RowxNumber: array, binary matrix indicating which rows belong to which of the K row clusters (1 = member, 0 = non-member).
NumberxCol: array, transposed binary matrix indicating which columns belong to which of the L column clusters.
Number: integer, total number of biclusters returned after filtering,
cluster_row_sizes: integer, the number of rows assigned to each row cluster (obtained as column sums of RowxNumber).
cluster_col_sizes: integer, the number of columns assigned to each column cluster (obtained as column sums of NumberxCol).
Example¶
from BiFuncLib.simulation_data import bimax_sim_data
from BiFuncLib.bimax_biclus import bimax_biclus
bimax_simdata = bimax_sim_data()
bimax_res = bimax_biclus(bimax_simdata, minr=4,minc=4,number=10)
bcheatmap¶
bcheatmap visualizes the scalar clustering result in the form of a heatmap.

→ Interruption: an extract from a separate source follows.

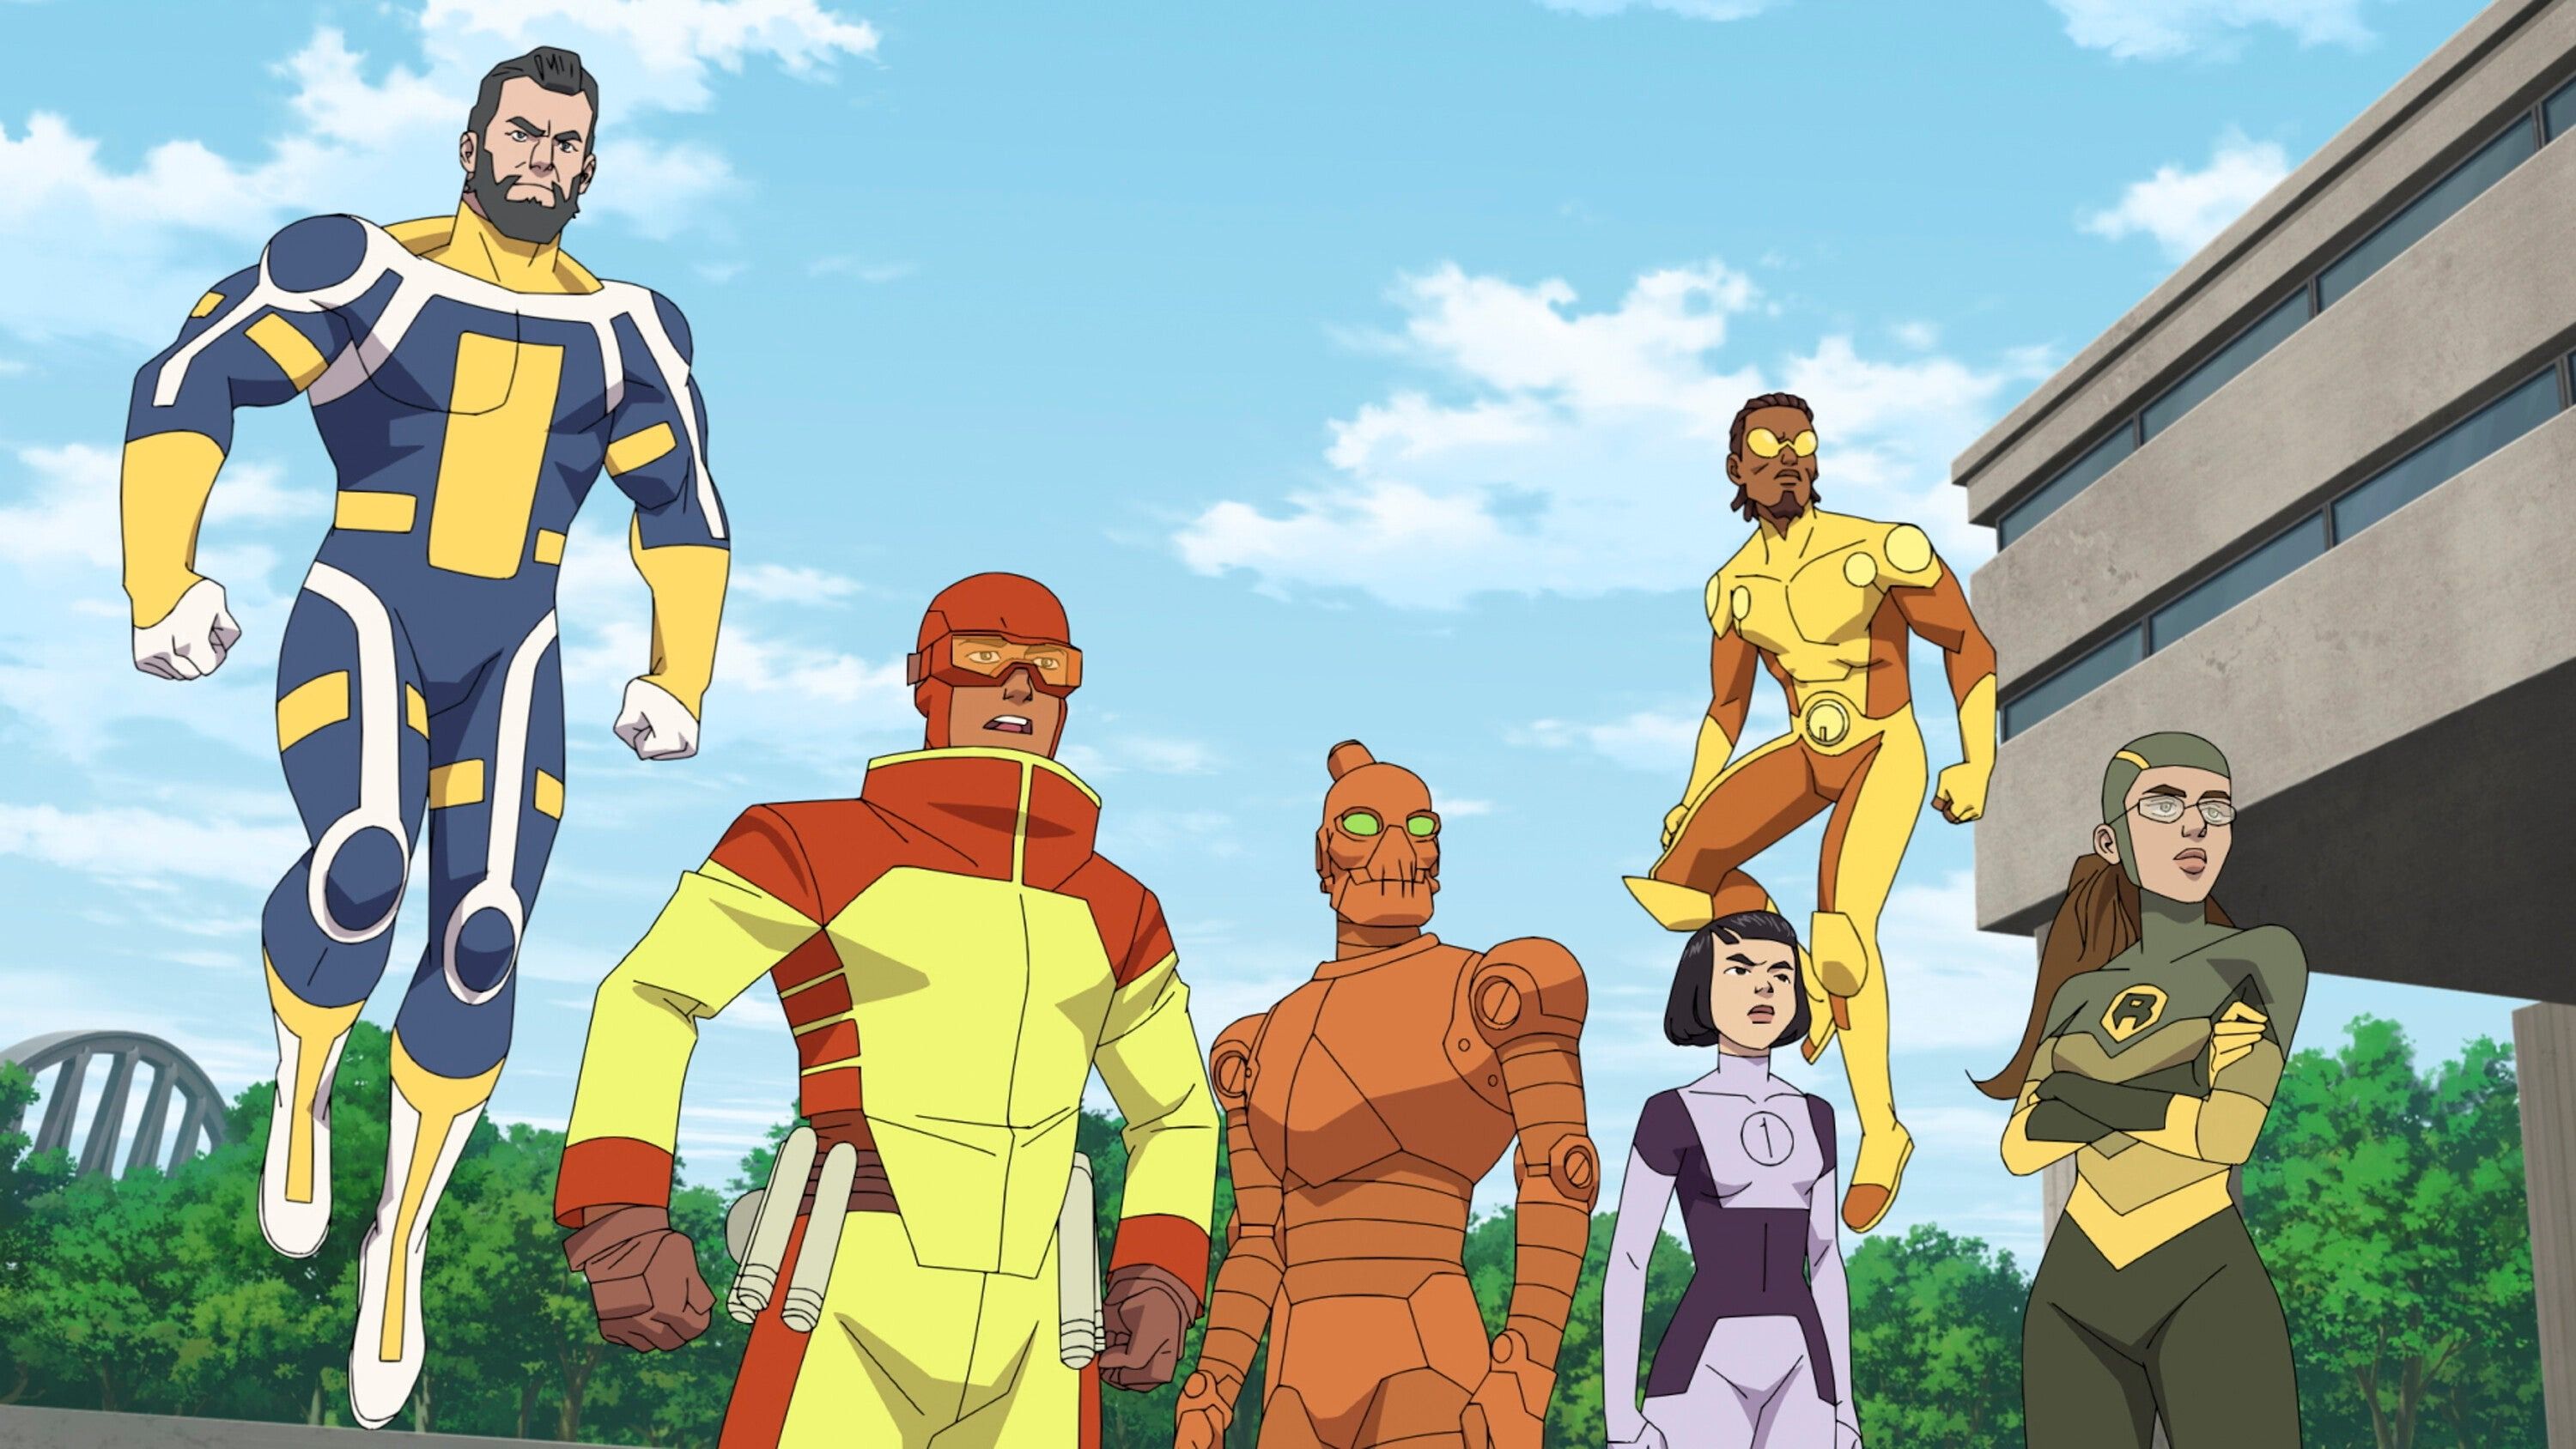 Invincible Season 2 Just Set the Series' Endgame in Motion Already

bcheatmap(X, res, cexR=1.5, cexC=1.25, axisR=False, axisC=True, heatcols=None, clustercols=None,
allrows=False, allcolumns=True)
Parameter¶
Parameter |
Description |
|---|---|
X |
array, the matrix needs to be clustered. |
res |
BiclustResult object, the biclustering result object containing information about row and column assignments to biclusters. |
cexR |
numeric, the font size of row labels. Default is 1.5. |
cexC |
numeric, the font size of column labels. Default is 1.25. |
axisR |
bool, whether to show row labels on the heatmap. Default is False. |
axisC |
bool, whether to show column labels on the heatmap. Default is True. |
heatcols |
str or none, color palette for the heatmap. Default is None which stands for a diverging blue-white-red palette. |
clustercols |
list or none, list of colors for outlining biclusters on the heatmap. Default is a list of distinct colors. |
allrows |
bool, whether to include all rows in the heatmap, even those not assigned to any bicluster. Default is False. |
allcolumns |
bool, whether to include all columns in the heatmap, even those not assigned to any bicluster. Default is True. |
Value¶
A heatmap will be displayed to show the clustering result.
Example¶
from BiFuncLib.simulation_data import bimax_sim_data
from BiFuncLib.bimax_biclus import bimax_biclus
from BiFuncLib.bcheatmap import bcheatmap
bimax_simdata = bimax_sim_data()
bimax_res = bimax_biclus(bimax_simdata, minr=4,minc=4,number=10)
bcheatmap(bimax_simdata,bimax_res)